Я соскочил с трамвая. Весь полк пропустил. Перешел на тротуар и с другими прохожими, – все мы очень торопились, – нагнал у Литейного средние ряды.
А как они шли ходко и твердо!
Никогда не забуду, как у Аничкова моста один вышел из ряду. И Василиса остановилась.
Пусть же будет для них этот каменный мост калиновым – счастливый! – и они поцеловались.
Не оглядываясь, побежал он догонять товарищей, а она пошла назад. И все оглядывалась. Пройдет немного и оглянется, и опять идет, и опять оглянется. И уж за трамваями скрылись казенные повозки с сундуками, и в вечернем сыром тумане лишь вспыхивали огоньки фонарей трамвайных, а она все оглядывалась, точно и сквозь туман непроглядный видела, и не могла не оглянуться, не могла наглядеться...
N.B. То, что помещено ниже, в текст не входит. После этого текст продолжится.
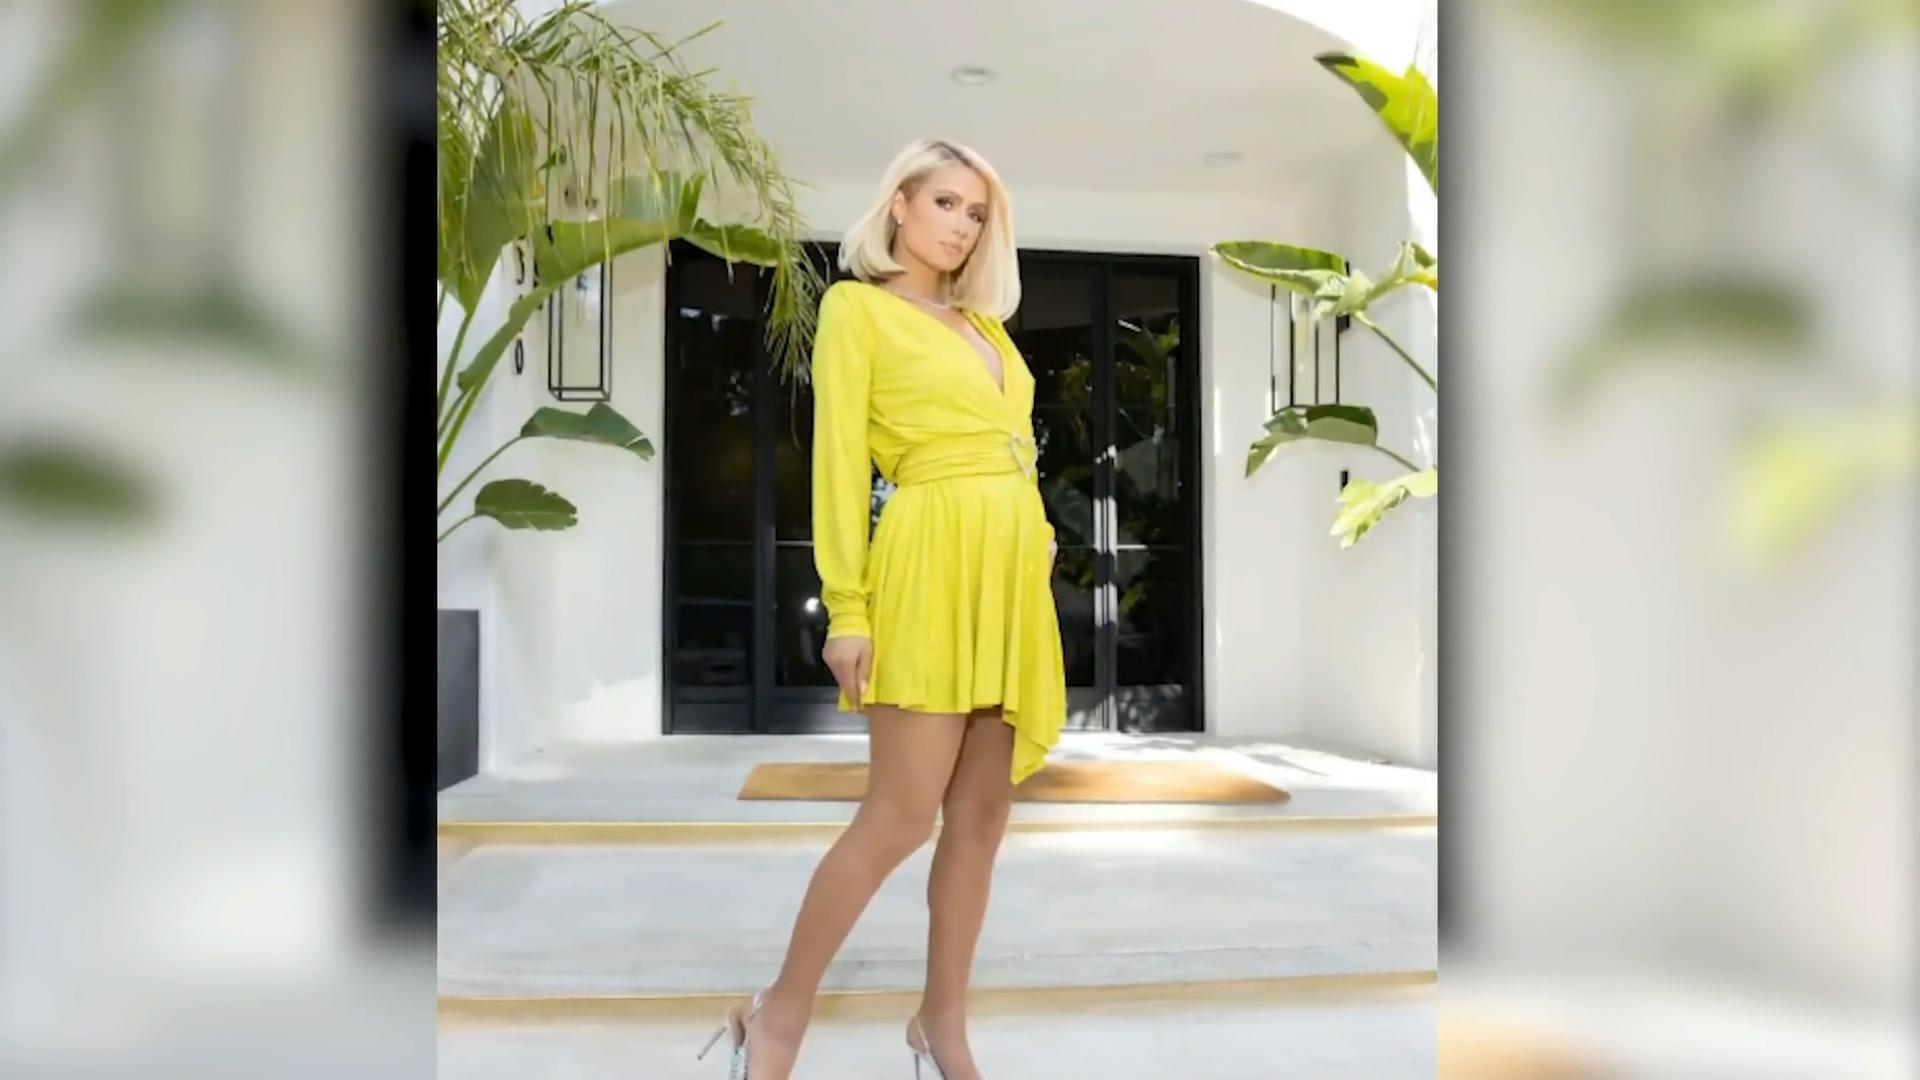 Ist Paris Hilton schwanger? Instagram-Bild sorgt für Spekulationen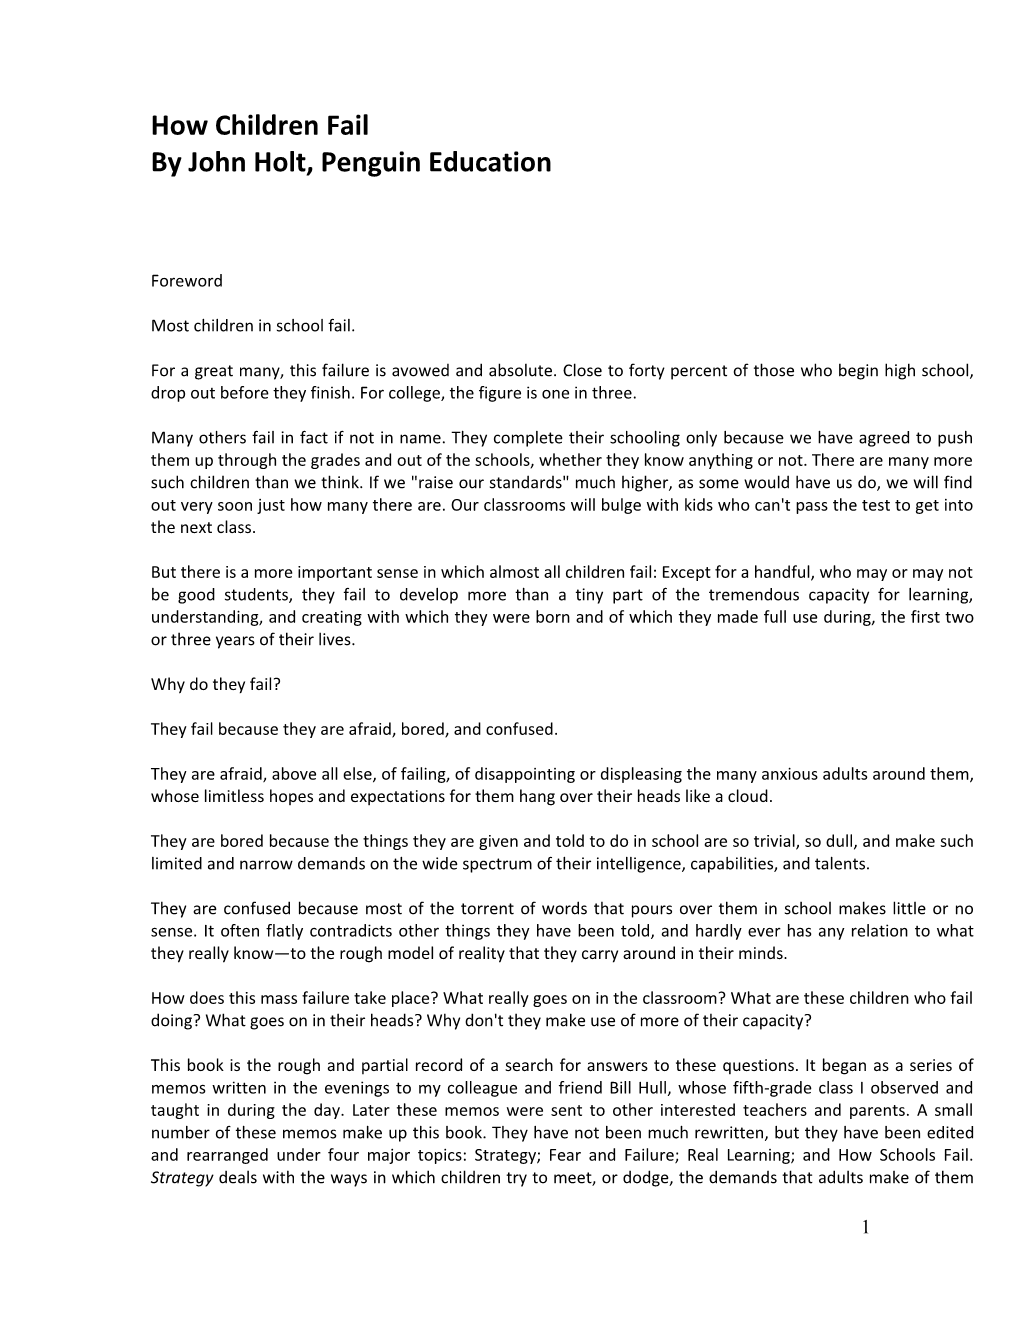 By John Holt, Penguin Education

Оттого ли, что кормилицей моей была солдатка... и вот я почувствовал от ее слез горьких так близко всю горечь разлуки. Я словно вспомнил и те часы, когда она, захлебнувшись от слез, меня кормила, и те ночи, когда я кричал от ее затаенной тоски.
У Знаменья Василису встретила закутанная в клетчатый платок старуха в стареньком полушубке, – это его мать. Не угнаться было за сыном, и с вокзала дошла она до Знаменья, тут и поджидала.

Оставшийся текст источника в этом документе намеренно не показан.